I love that monsoon, is it easy to setup and can it be on a timer? Would be tempting to purchase this some time down the line, im assuming it can be installed in any vivarium aslong as its watertight and can withstand those conditions?

Tom.


----------



## JamesLovelady (May 30, 2011)

It's a Lucky Reptile Super rain system, by default they come with 3 spray nossels and a "dripper", I'm not utilising the dripper and only two sprays...

It is fairly easy to install, it comes with suction pads and clips for the pipe work and all the pipe you will need.

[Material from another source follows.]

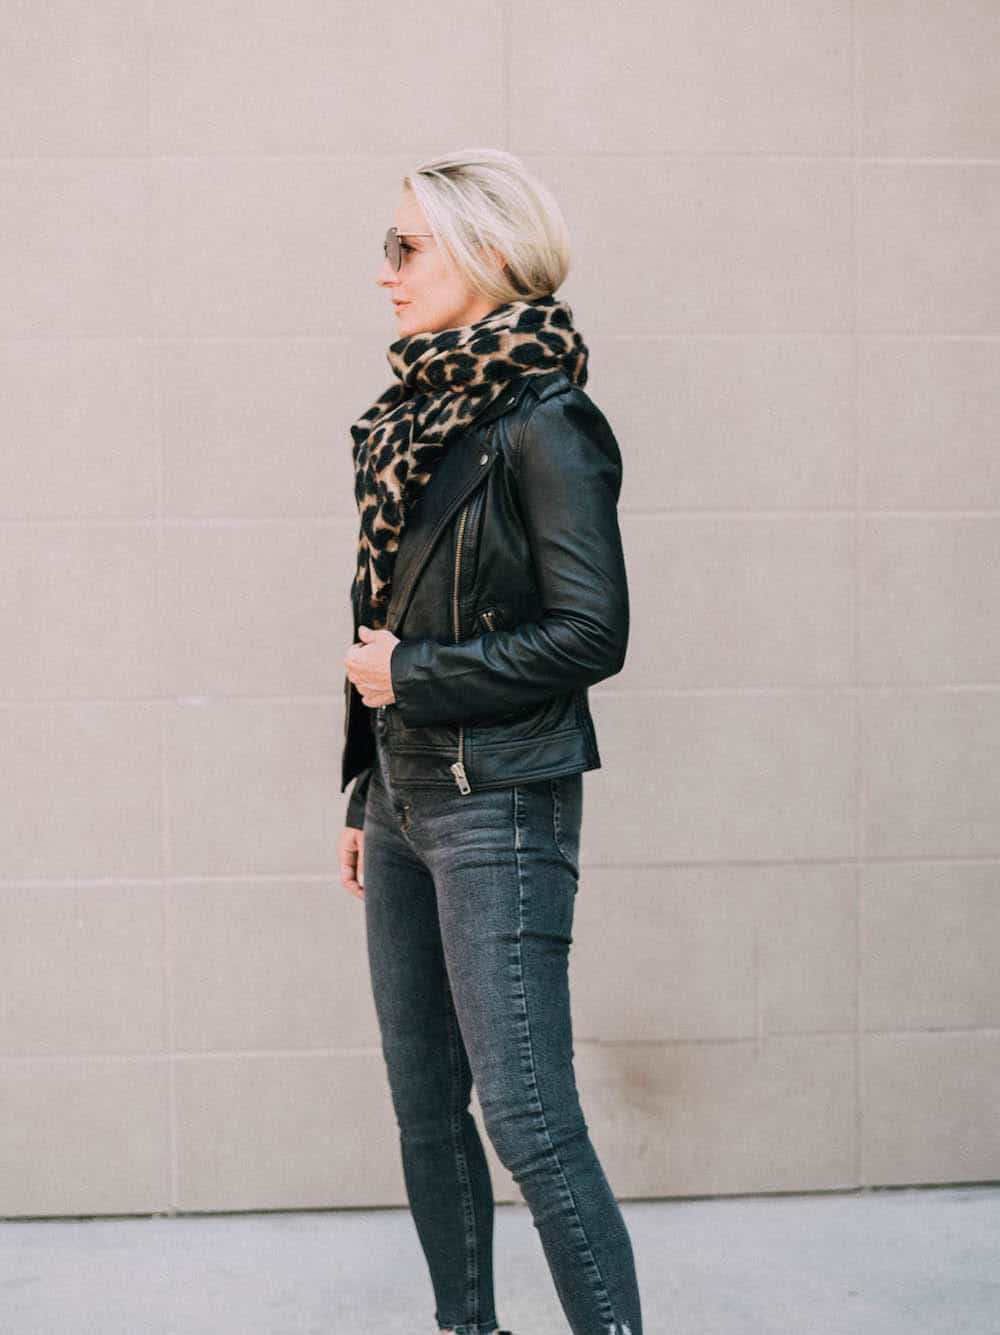 image of a woman in a black leather jacket and black jeans with a leopard scarf

I have mine run on a timer yes, a conventional digital 230v timer can only operate on minutes, but I am utilising some timers that allow seconds so I only pump the water for roughly 10 second periods to try prevent water logging the substrate, however i forgot the manufacturer and I'll come back to you with it when I ask my supplier.

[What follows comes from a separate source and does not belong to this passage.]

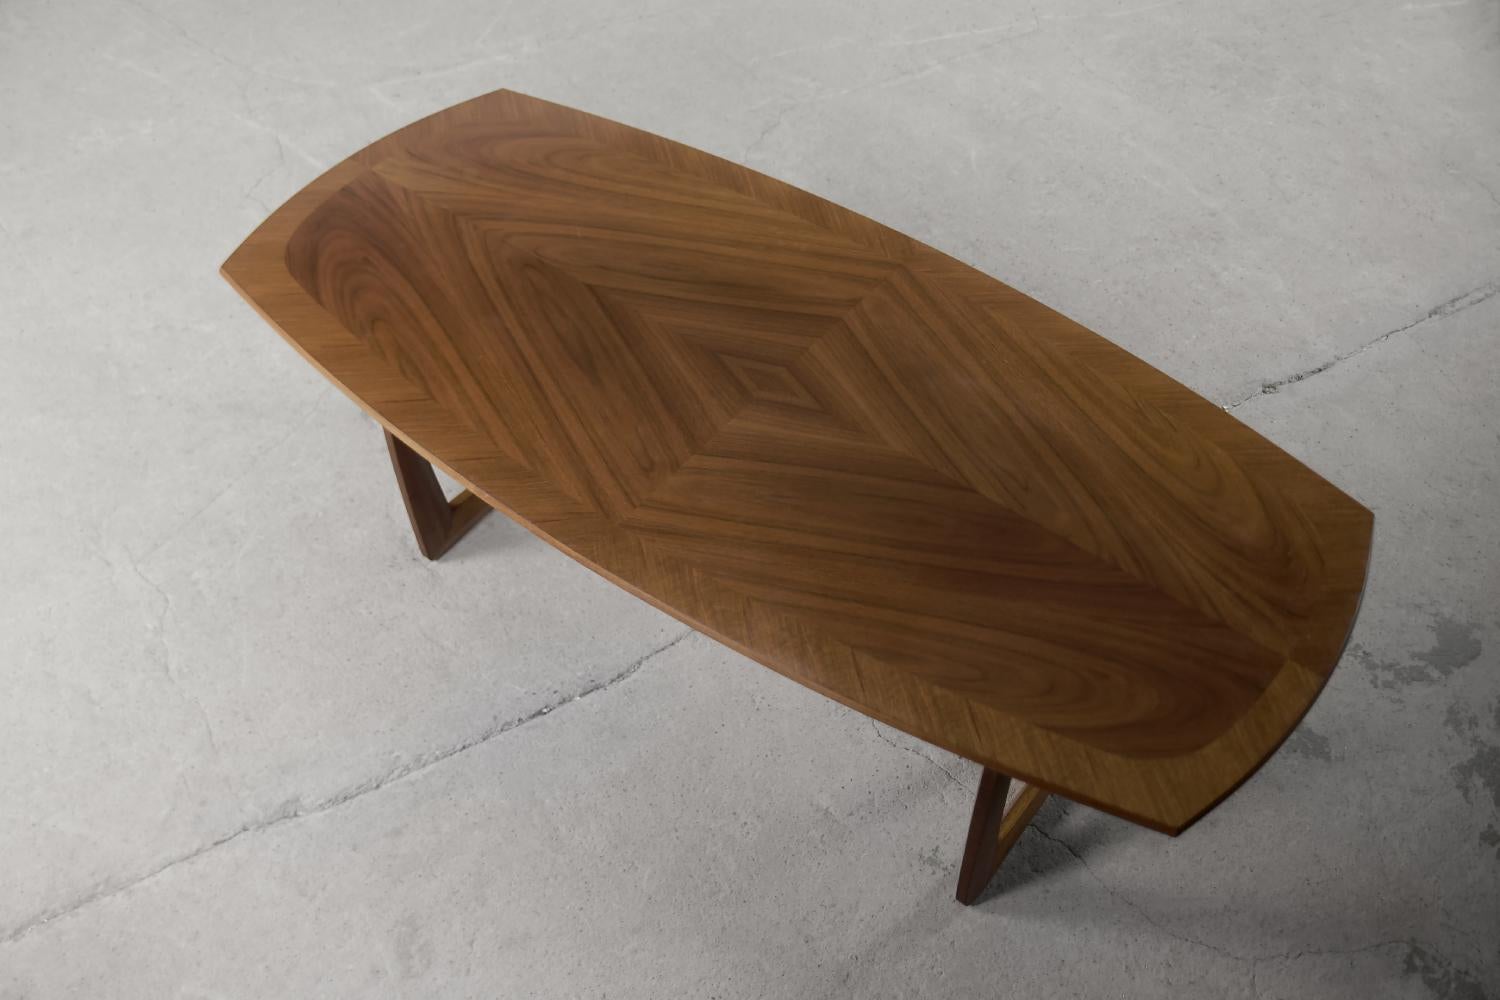 This elliptical table was manufactured by the German company Kondor Möbel during the 1960s. It was made of walnut wood in a warm shade of brown. An additional advantage is the crossed table legs and a decorative top veneered with walnut. The

I have not used clips or suction pads as I like to conceal the pipe work in the exo-terra lid (there are little grooves the pipe fits nicely into, including the spray nozzles)... I simply used some of the aquarium sealant i used for the acrylic (water feature) in the bottom to stick the pipe work and nozzles in place then leave something heavy on it to set!

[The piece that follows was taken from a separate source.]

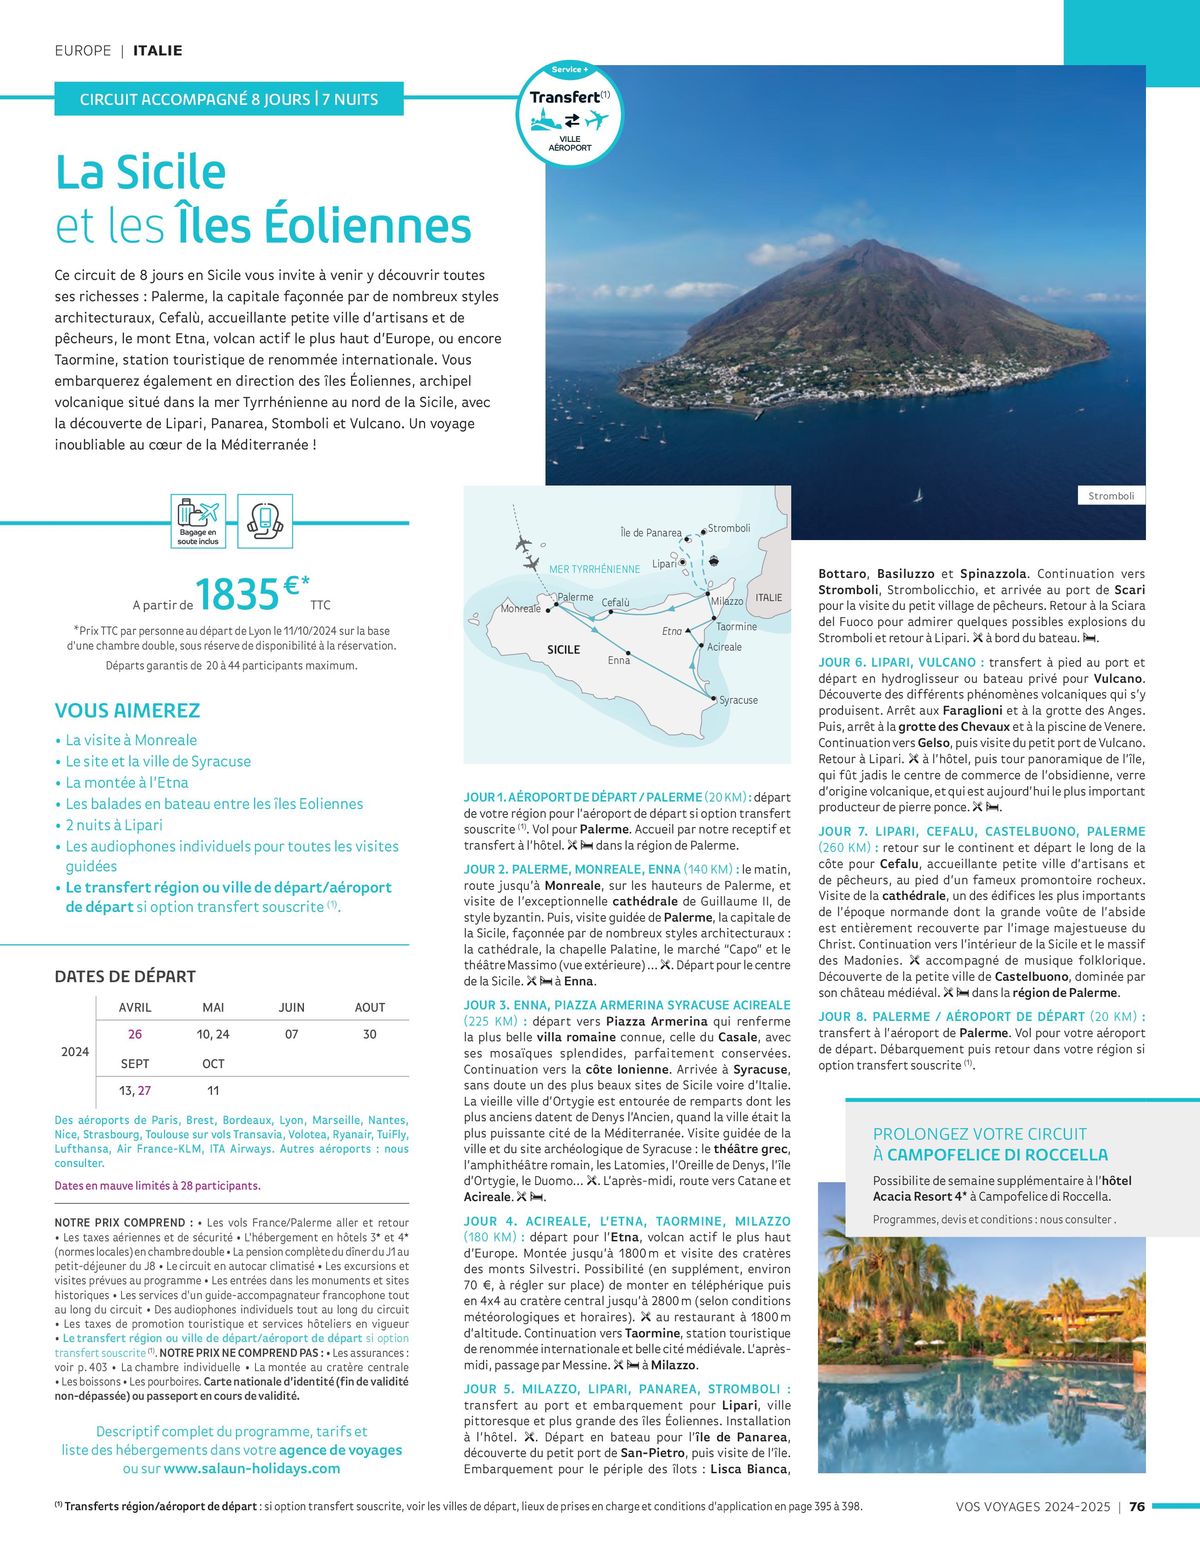 Catalogue Vos voyages 2024-2025, page 00076

You can adapt and use the super rain system in almost any viv, however I wouldn't suggest it in most wooden vivs as if its very humid/wet the wood can expand and/or rott, make sure you line a wooden viv with acrylic sheets or other options on the market!

Regards,

J


----------



## tomcannon (Jan 2, 2008)

Thank you, acrylic sheets, good idea, I shall look in to it!

Tom.


----------



## Harry_NW (Feb 15, 2010)

i use super rain system too - pollywog sell a timer to allow setting to 5 or 10 seconds etc


----------



## OrigamiB (Feb 19, 2008)

Very nice, I'm doing a similar set up to this aswell although its become a little ambitious rofl and has taken me months to do... Soon though it'l be complete


----------



## AdEvo (May 16, 2011)

Nice one dude, how did you get your water to stay at the front and not leak into the substrate? I'm looking at doing something like this but with water running down the back wall then, through a stream into the pool at the bottom


----------



## thething84 (Apr 26, 2010)

looks awesom. so want to do something like this one day!!


----------



## Oskorei (Jun 15, 2010)

sneaky bit of WoW there I see!  nice setup


----------



## sambridge15 (Nov 22, 2009)

what lighting are you using? in my experience lighting and drainage acount for 90% of planted sucess! is that just a sphungum moss substrate?and also what drainage do you have in the substrate area?


----------



## ale36 (Dec 1, 2010)

It makes a hell a lot of "((noise))"


----------